When you won’t accept the complete and utter failure of your prophecies when they come a cropper.
So, am I talking about the classic Leon Festinger, Henry W. Riecken, and Stanley Schachter study in social psychology, When Prophecy Fails: A Social and Psychological Study of a Modern Group that Predicted the Destruction of the World? In that work, social scientists infiltrated an eschatological cult to see how they would react when their prophecy of end times failed.
What did the cultists do?
Many doubled down, tweaked their original prophecy, and continued in their previous beliefs but with greater fervor.
But no.
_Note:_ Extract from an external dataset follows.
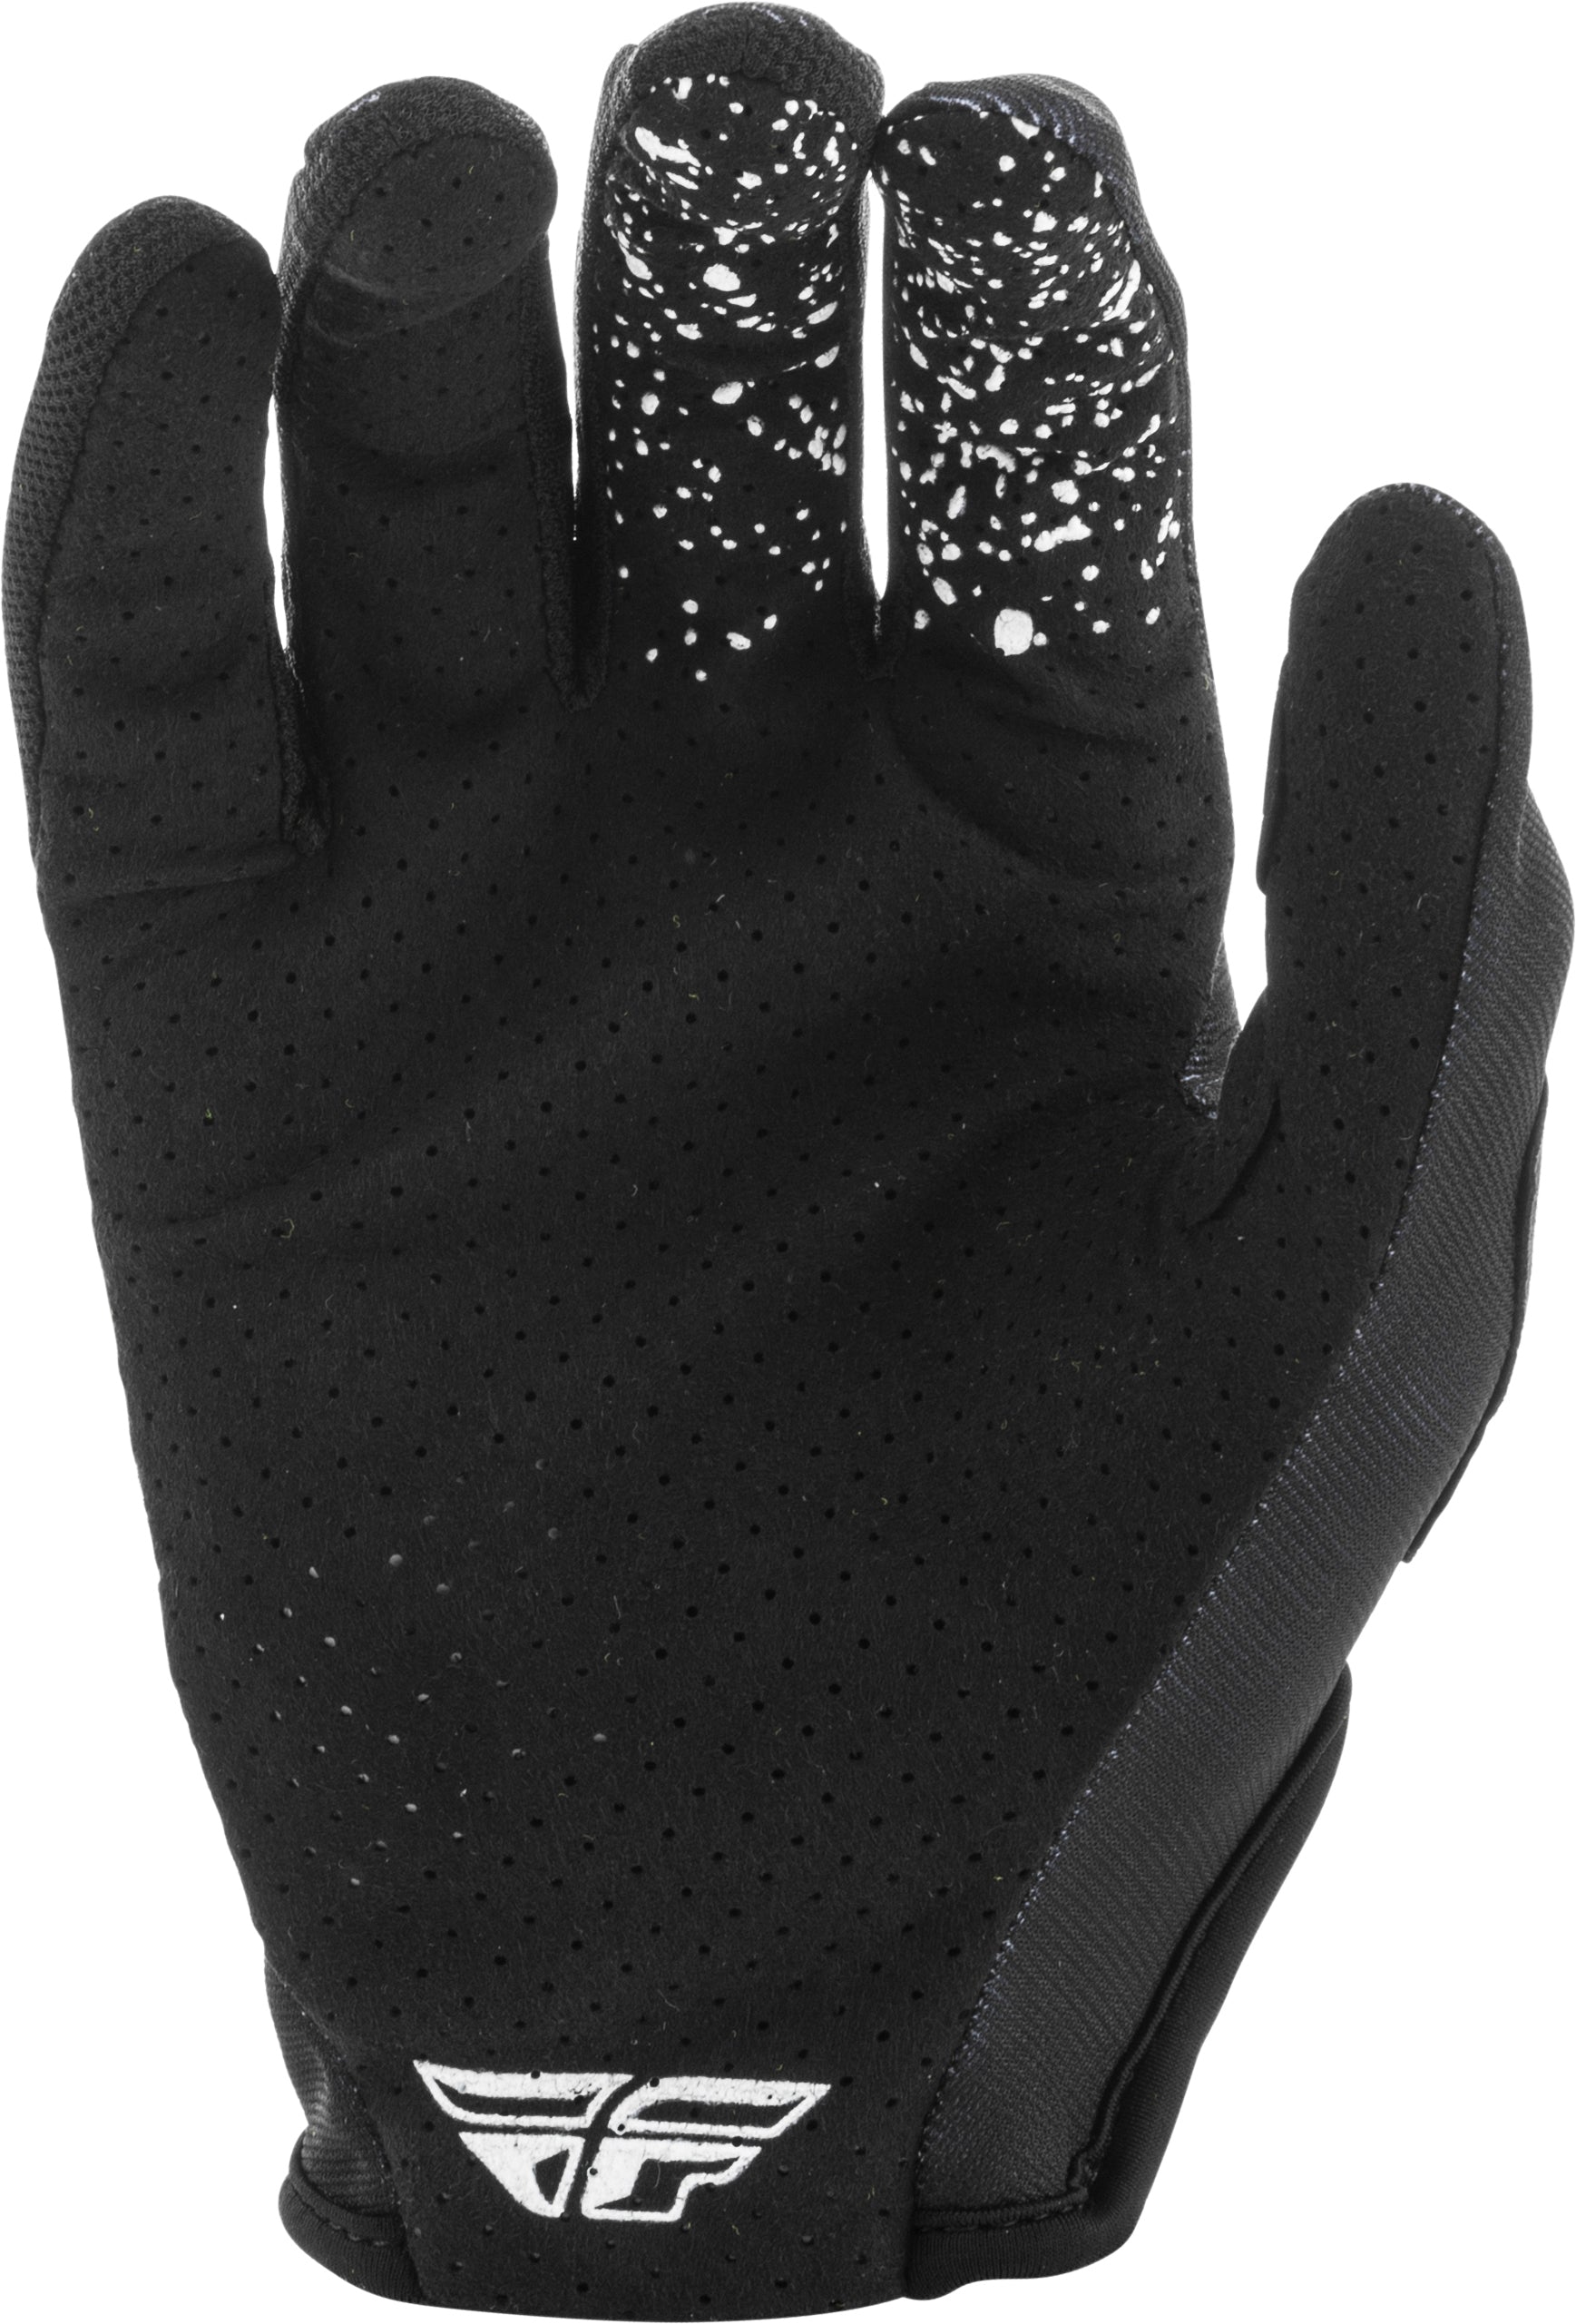 Lite Gloves Black/White Sz 10

I am not talking about that, not directly.
I refer to the Mueller Report.
“For years, every pundit and Democratic pol in Washington hyped every new Russia headline like the Watergate break-in,” writes Matt Taibbi in “It’s official: Russiagate is this generation’s WMD?” Noting that while the story as it was hyped from the beginning was about espionage, a “secret relationship between the Trump campaign and Russian spooks who’d helped him win the election,” the biggest thing to come of it has been “Donald Trump paying off a porn star.”
Now that the Mueller Report has come to a fizzle, proving nothing very interesting or relevant, our reaction to the news that the President is not Putin’s puppet should be jubilation.
To shed a tear and get all choked up, like Rachel Maddow? That should signal the end time for the cult.
This is Common Sense. I’m Paul Jacob.